The flowers are soft and of little flavour but they are a show stopper on the plate...and then there's that intriguing notion of it's love potion power.
Abutilon is in the mallow family with common names velvet leaf or Indian mallow and needs a subtropical or tropical climate. In southern regions an alternative could be day lilies Hemerocallis as they are also edible and have a similar taste to abutilon. Abutilon tastes even sweeter than a courgette or pumpkin flower. It's velvet soft texture makes this flower easy to eat.
Violet Viola odorata's sweet flower matches it's sweet perfume. They are particularly lovely placed on desserts but I also like them included in a salad. You can eat the leaves with two leaves having as much vitamin C as an orange. The flowers heated in sugar and water will extract a floral scented syrup to use in desserts.
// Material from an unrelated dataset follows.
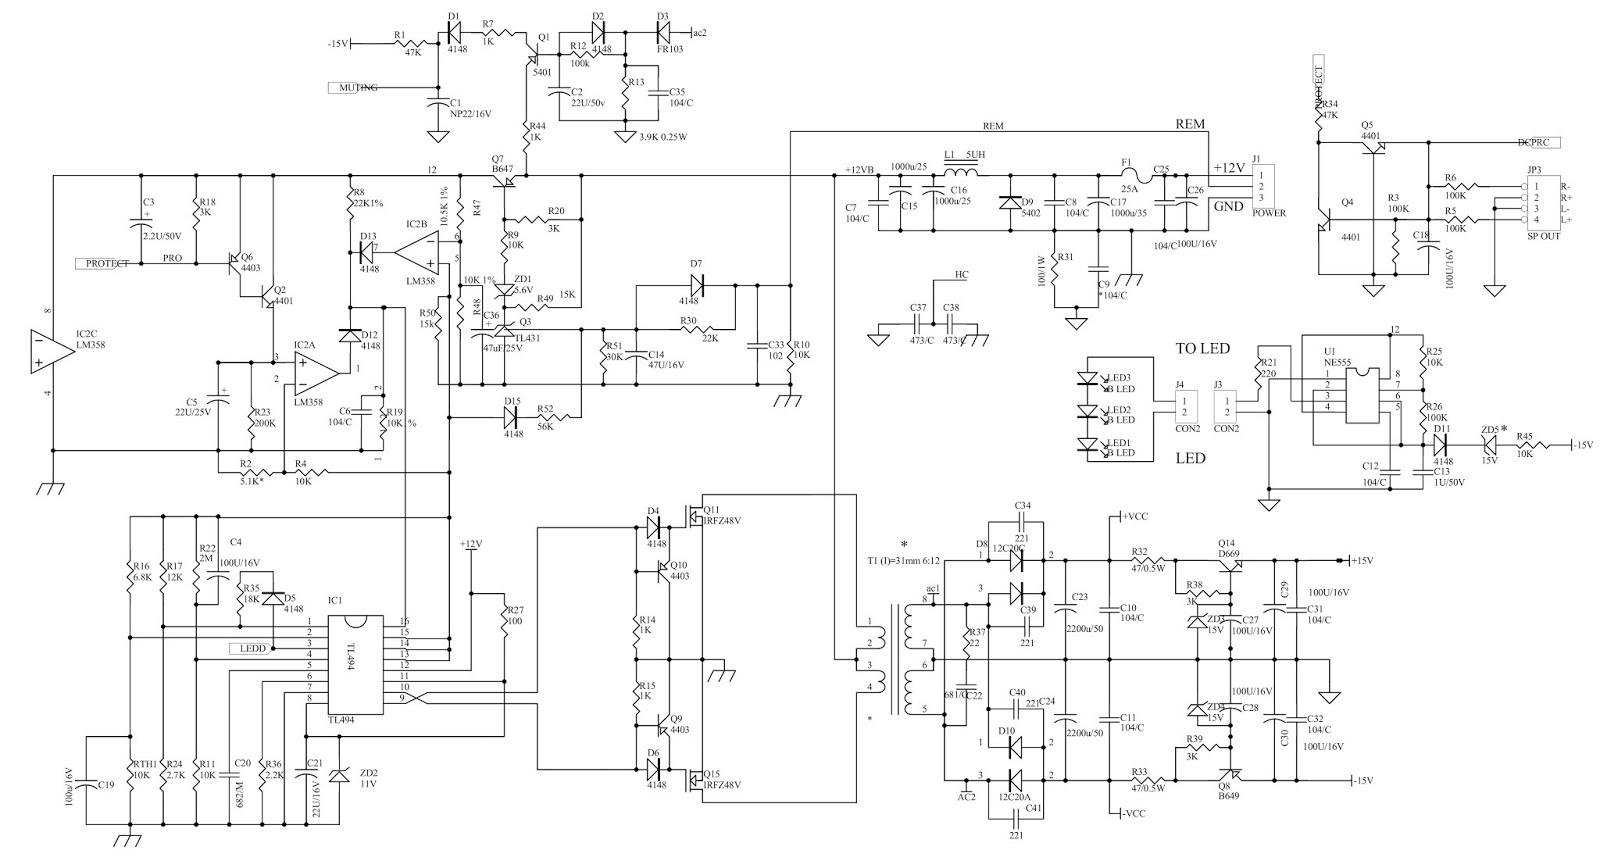 Jbl Ma6002 Marine Series Schematic Diagram 2 Channel Amplifier Qm Wiring Diagrams Electro Help
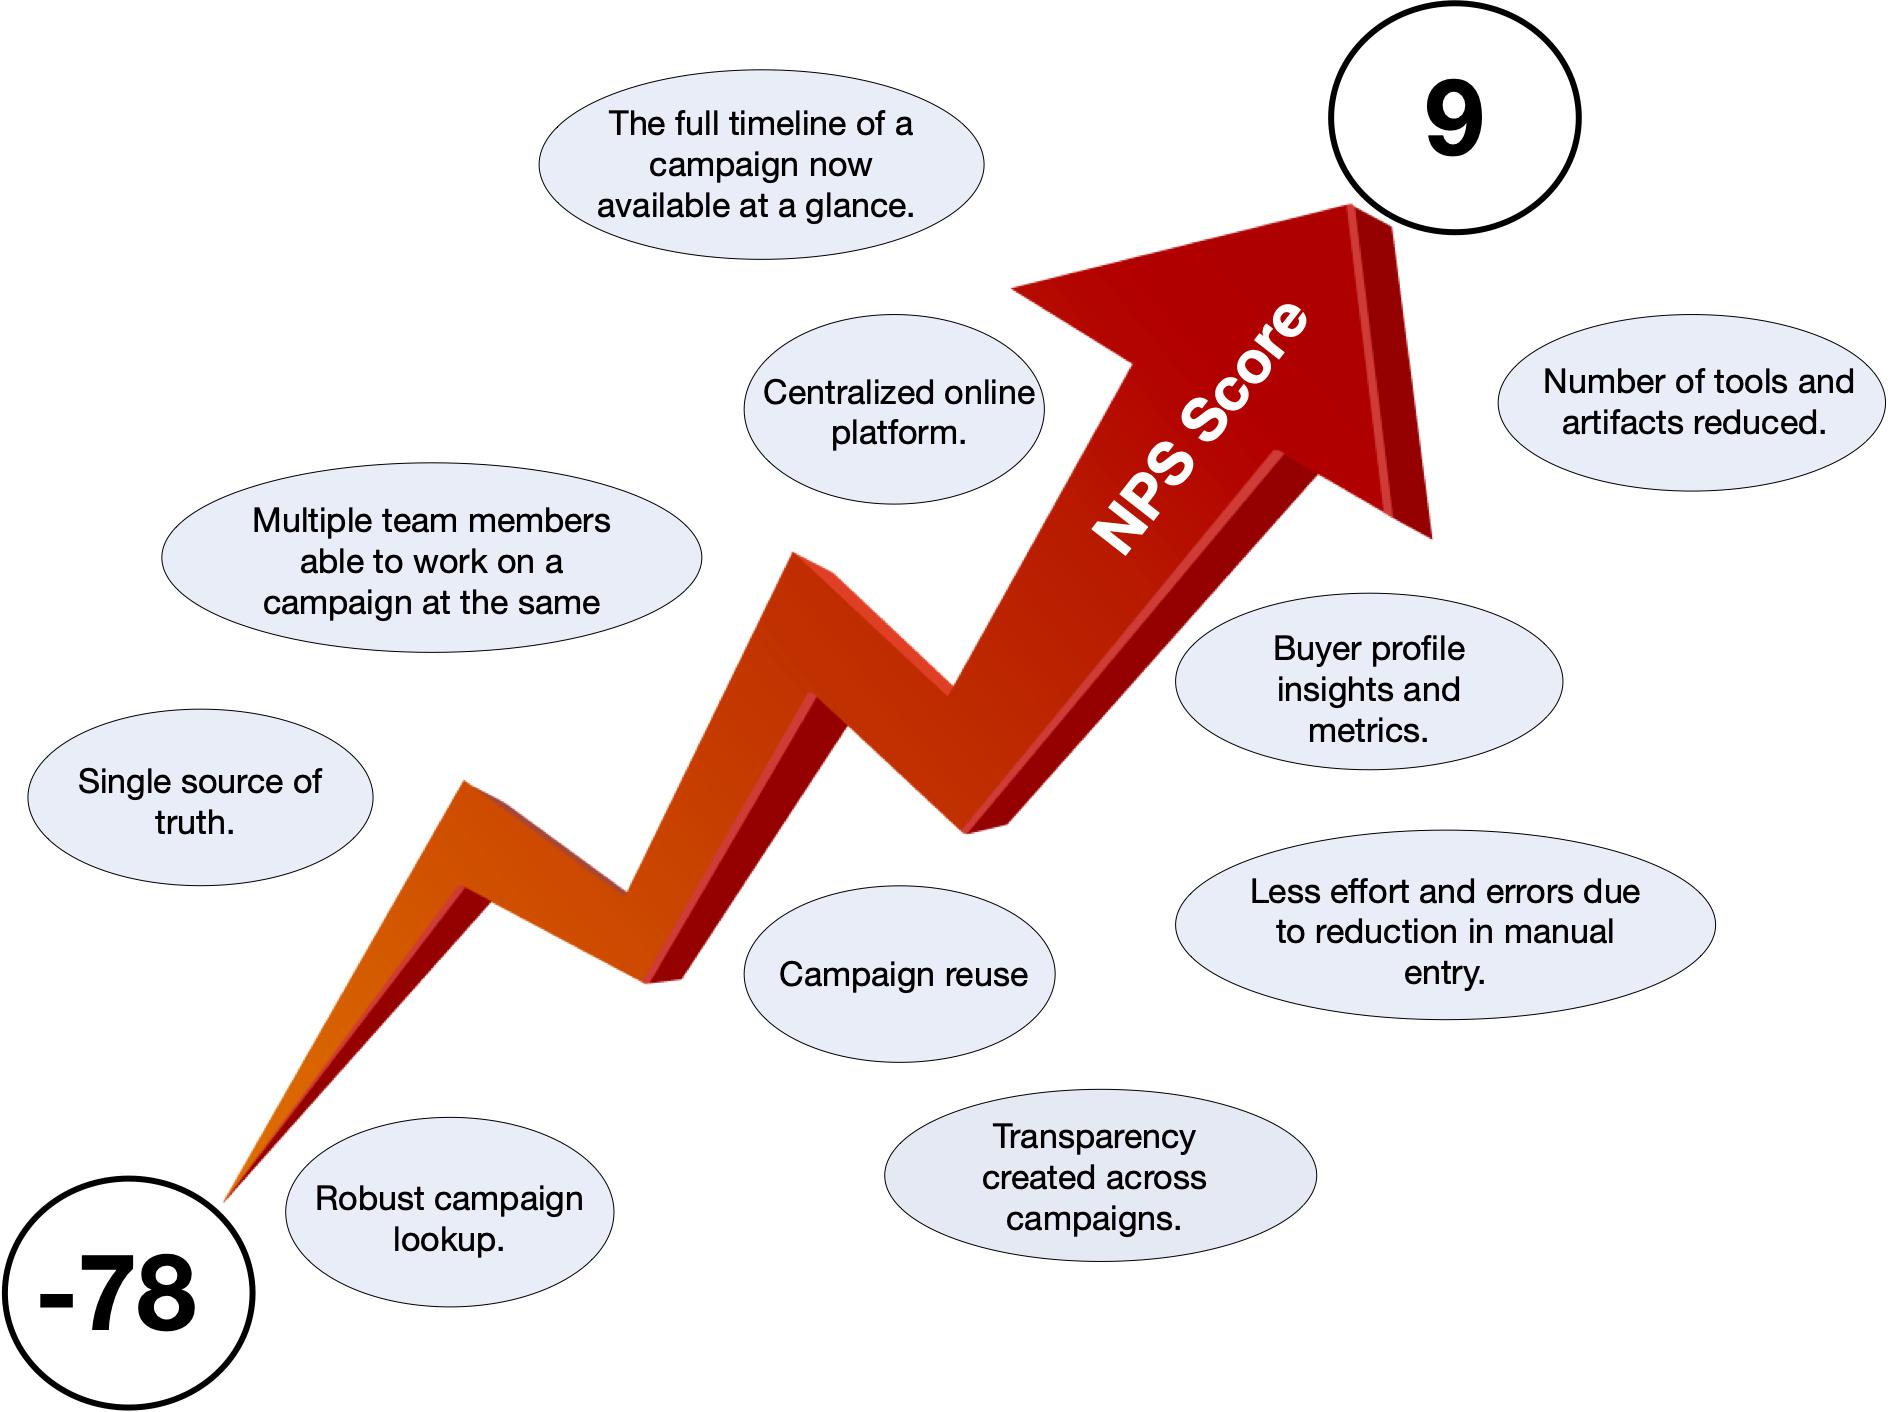 stylized diagram of upwards arrow showing NPS score rising from -78 to 9

Back at our garden table I processed my collection cutting up plant leaves into bite sized pieces, and discarding tough stems. I then tossed through the dressing I had brought in a container made from orange juice, lemon, oil and seasoning and cut up an orange to add a little sweetness to the salad. Last touch is to mix through the calendula petals and place the other flowers on top to create a pretty salad.
I came to the gardens with a good bread from a bakery made from spelt flour and Sinead contributed some cheese. We had enough food to share our lunch with three other community gardeners.
To make it a total garden experience I made a pot of fresh herbal tea with rosemary and lemon balm.
At lunch I was asked if forget-me-nots Myosotis scorpioides were edible. I didn't have the answer then but have since discovered they too are in the borage family, and yes the little blue flowers are edible.
You may not yet have borage growing, but I bet there will some forget-me-nots popping up in your garden this spring.